- _Required work_
Word for word, copy the data that follows and skip its pictures.

- _Given information_
+-------+

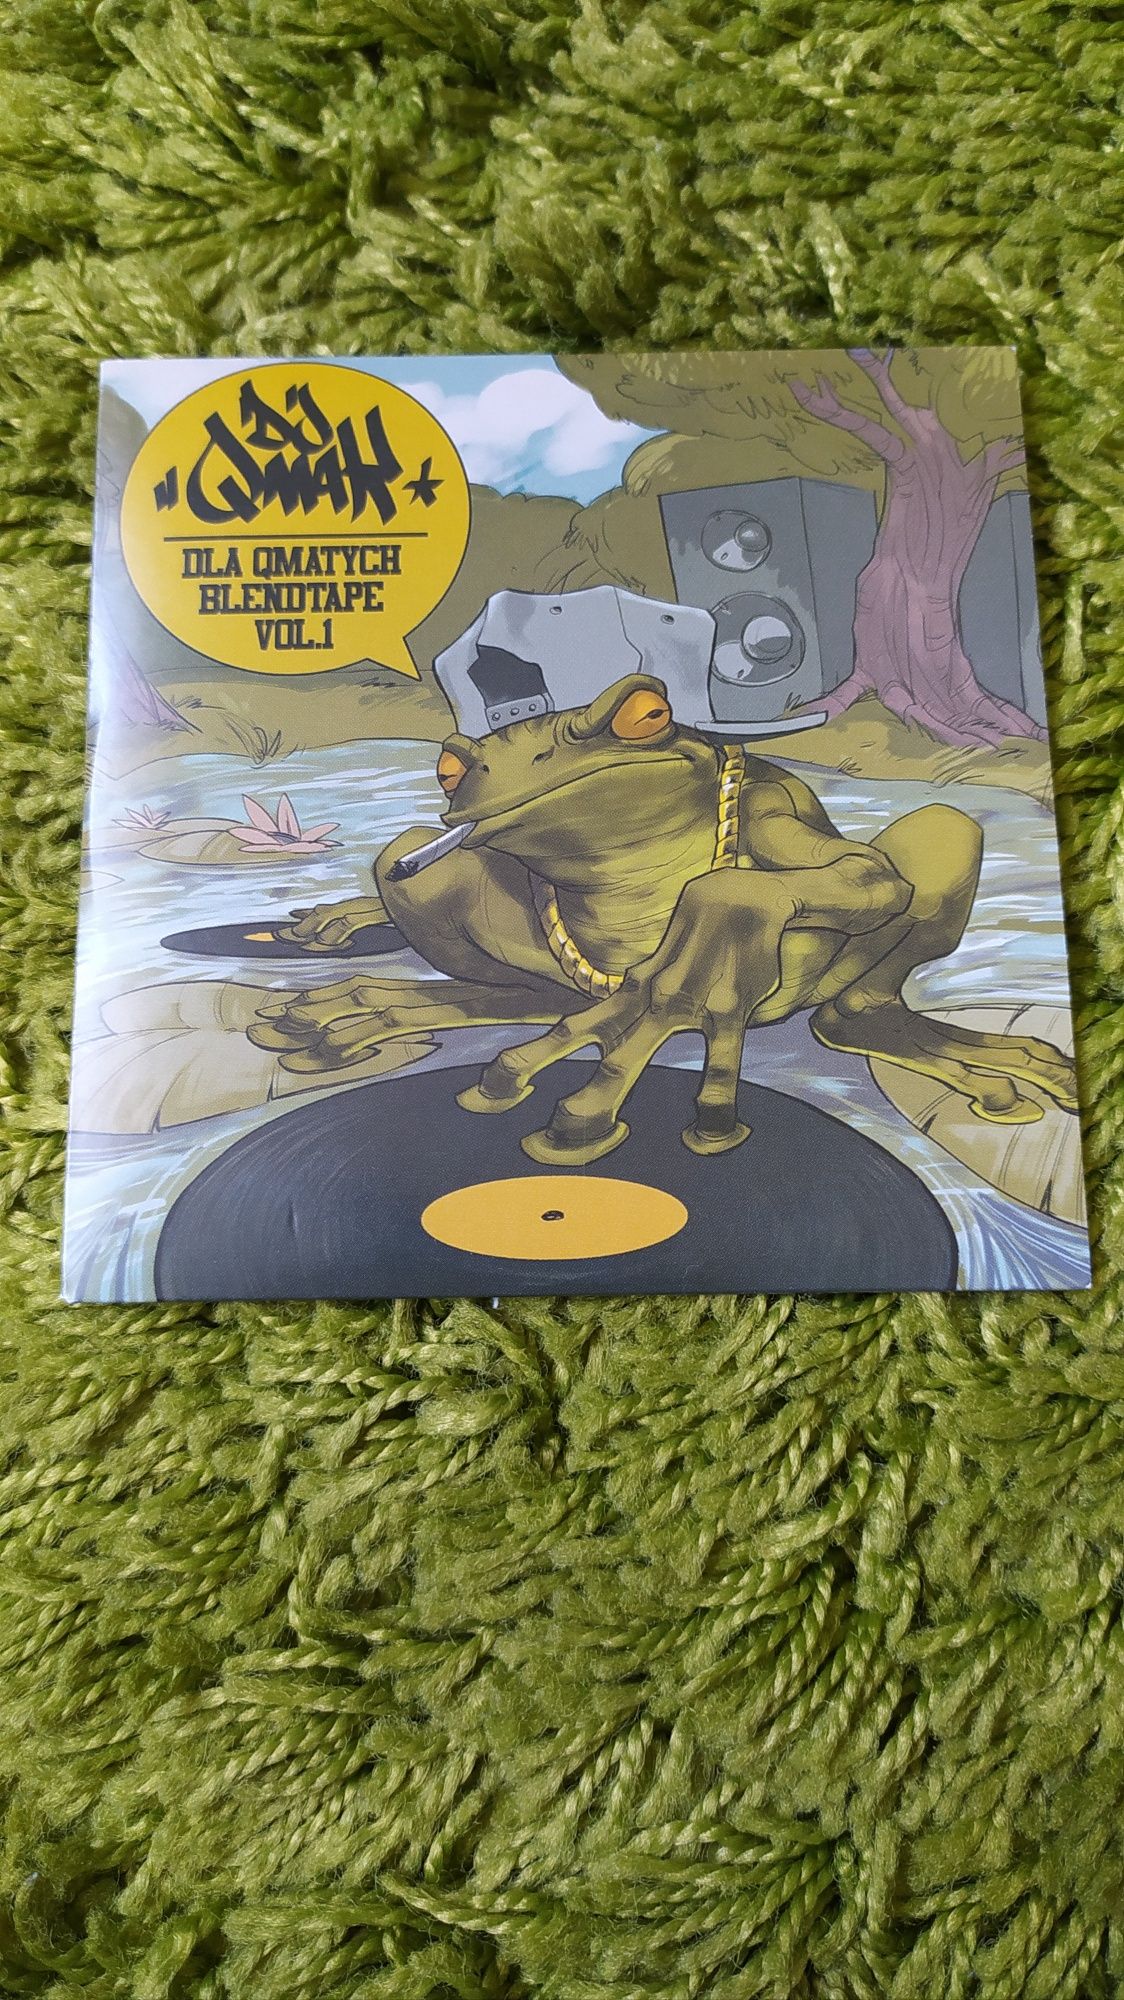 Płyta CD- DJ Qmak- Dla qmatych blendtape vol. 1
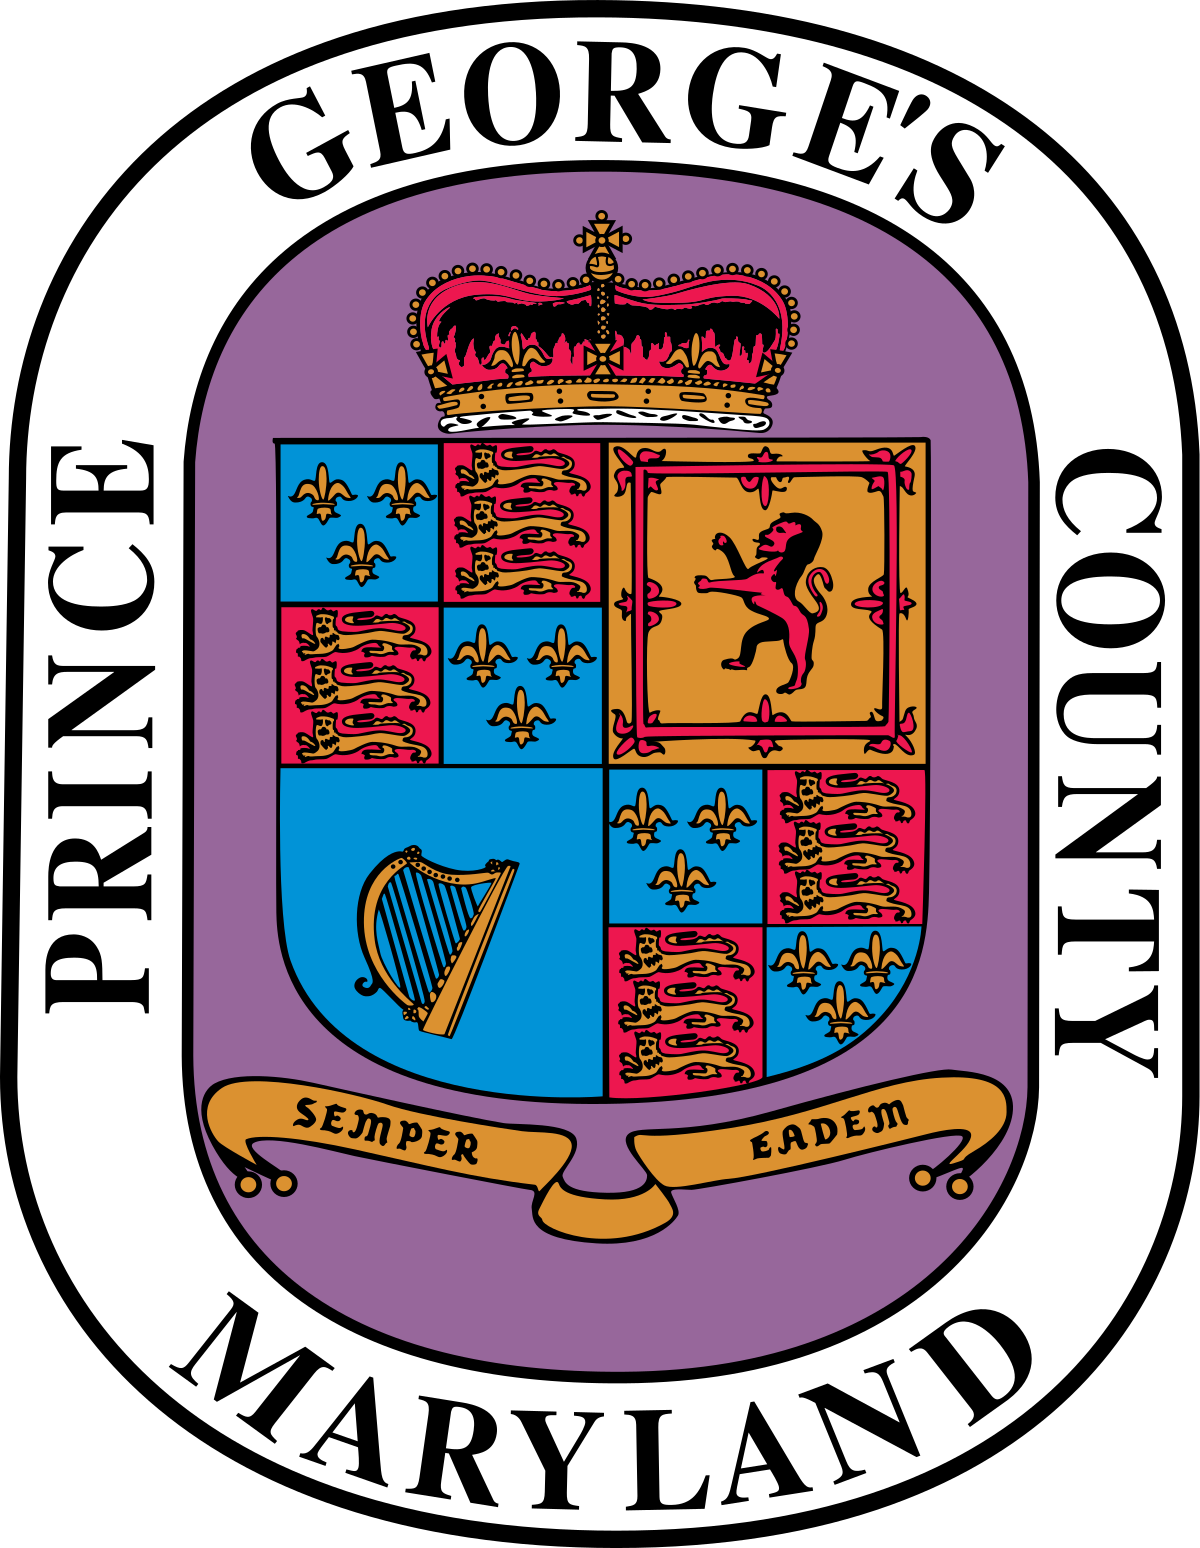 Prince George's County seal 
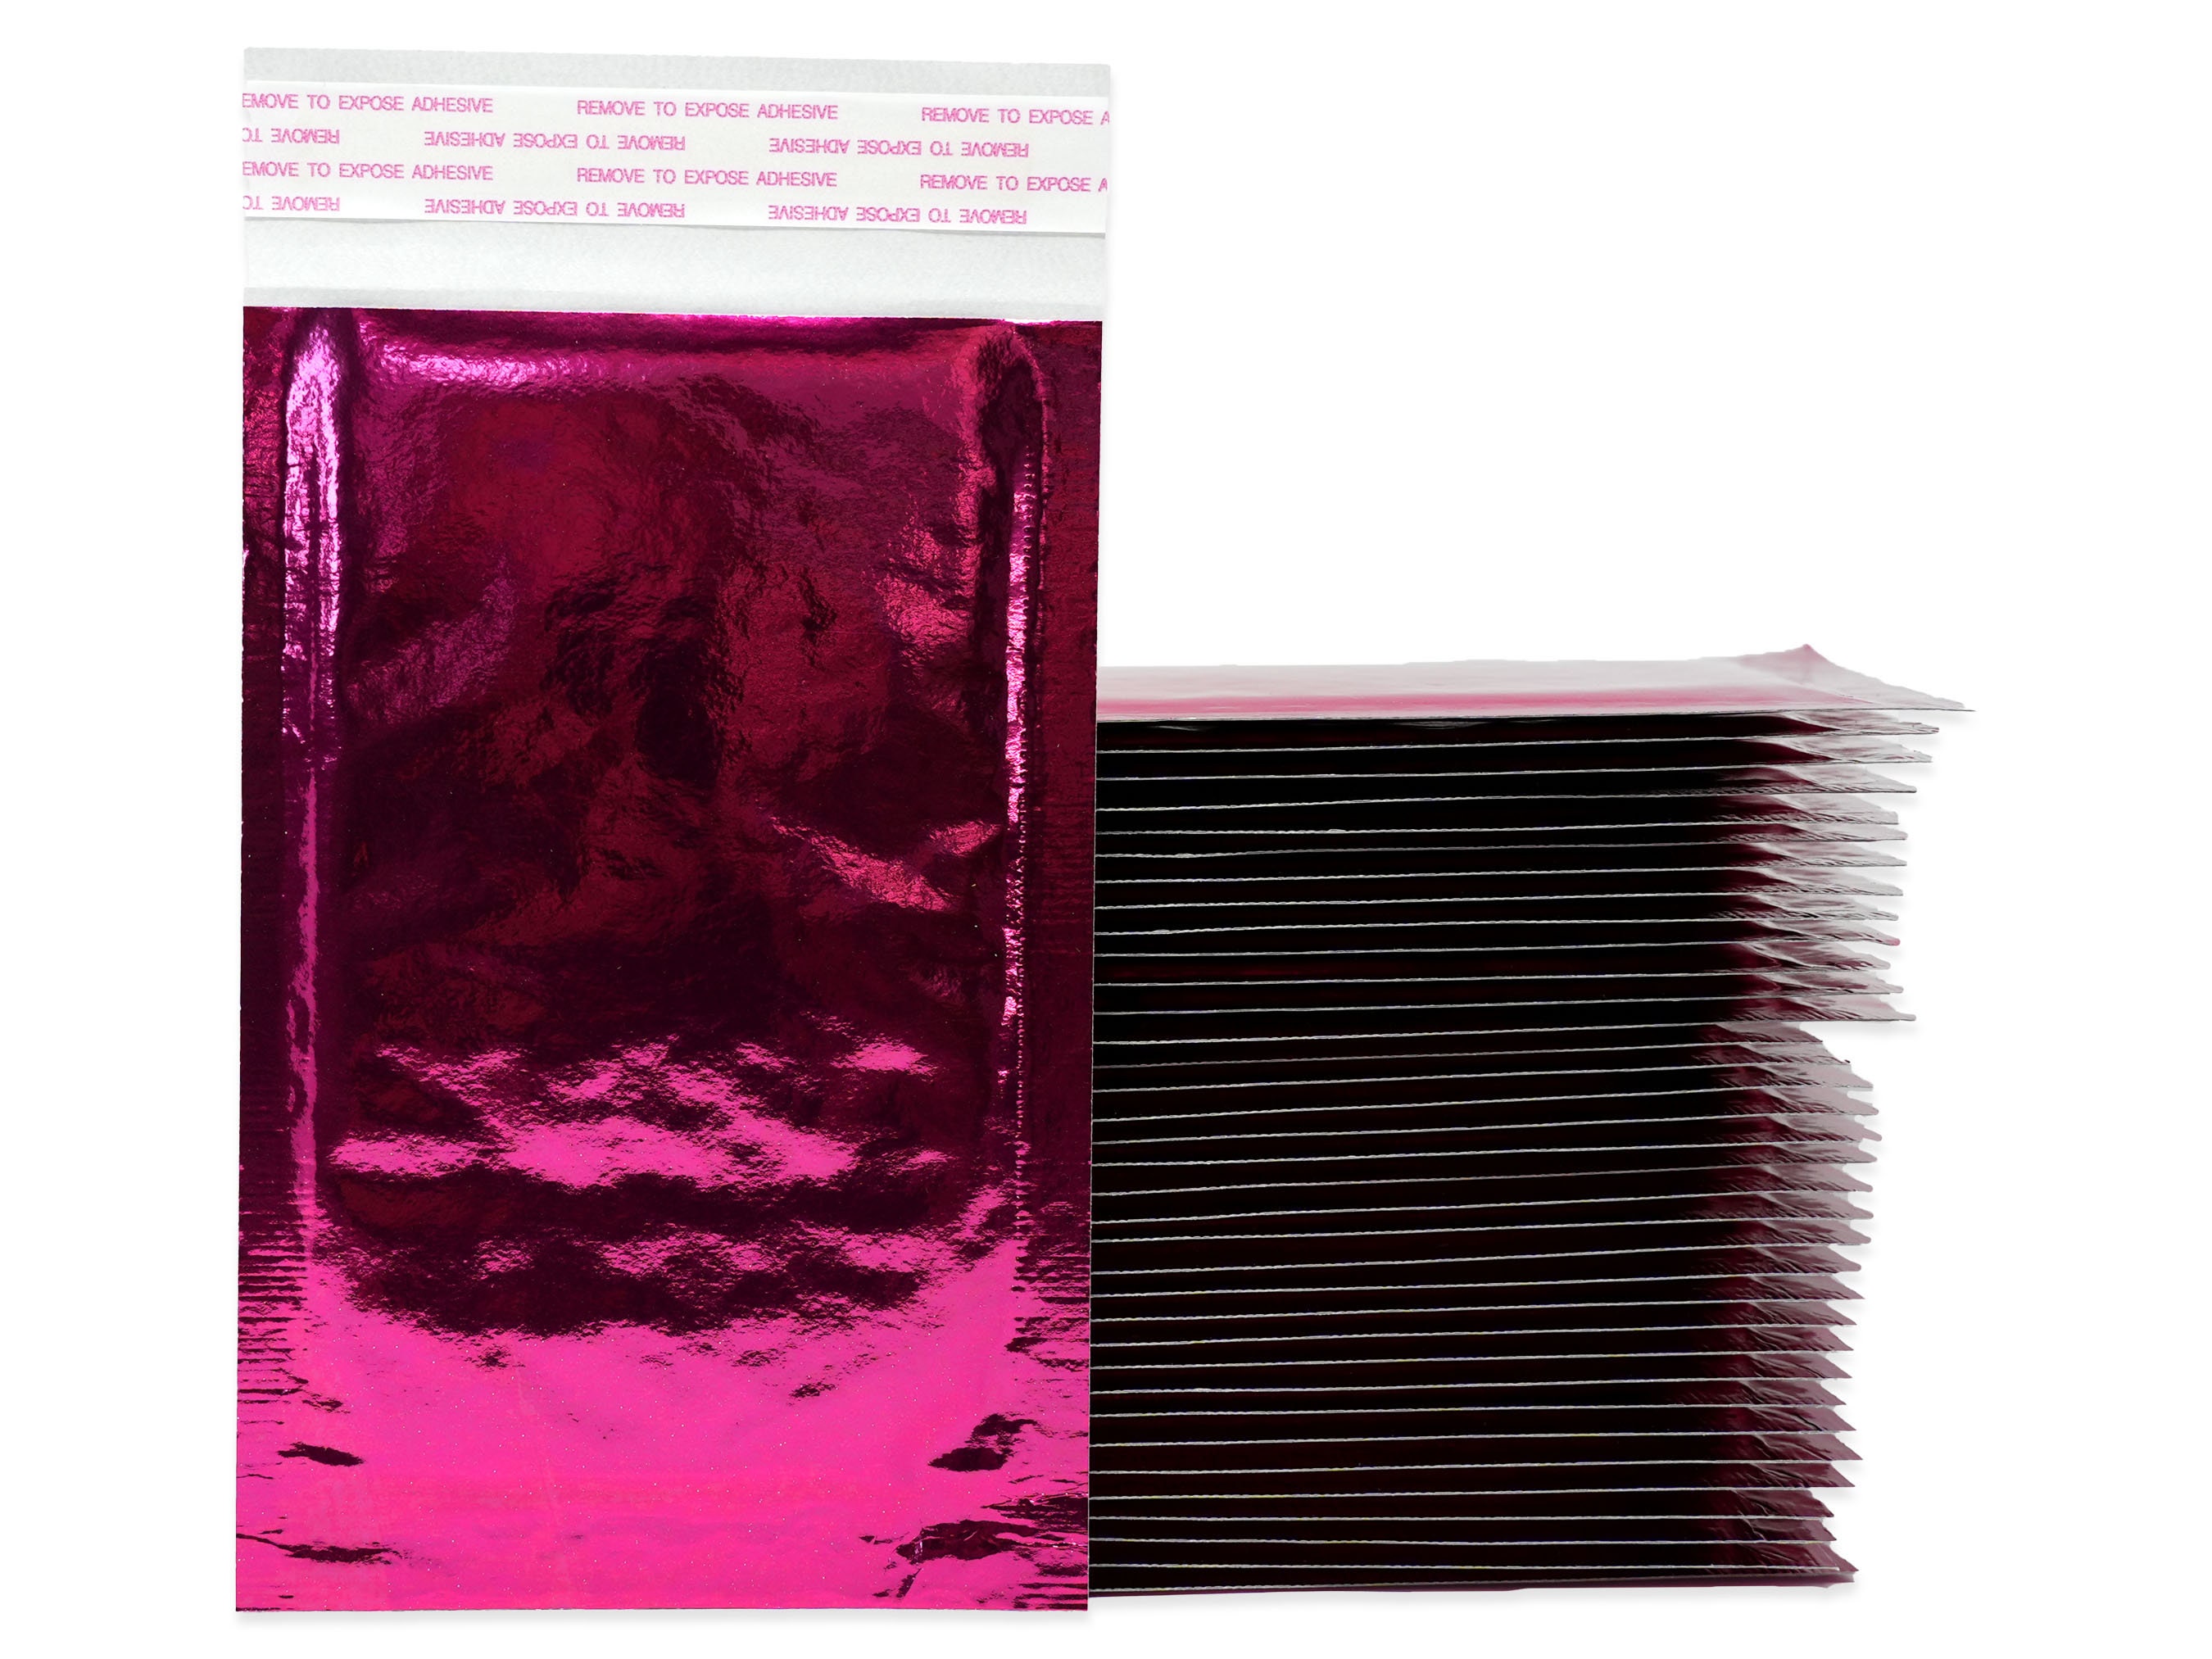 6.5 x 6.5  Hot Pink Metallic Gloss Foil bubble mailers Peel & Seal

+-------+

- _Written answer_
 Płyta CD- DJ Qmak- Dla qmatych blendtape vol. 1
 Prince George's County seal 
 6.5 x 6.5  Hot Pink Metallic Gloss Foil bubble mailers Peel & Seal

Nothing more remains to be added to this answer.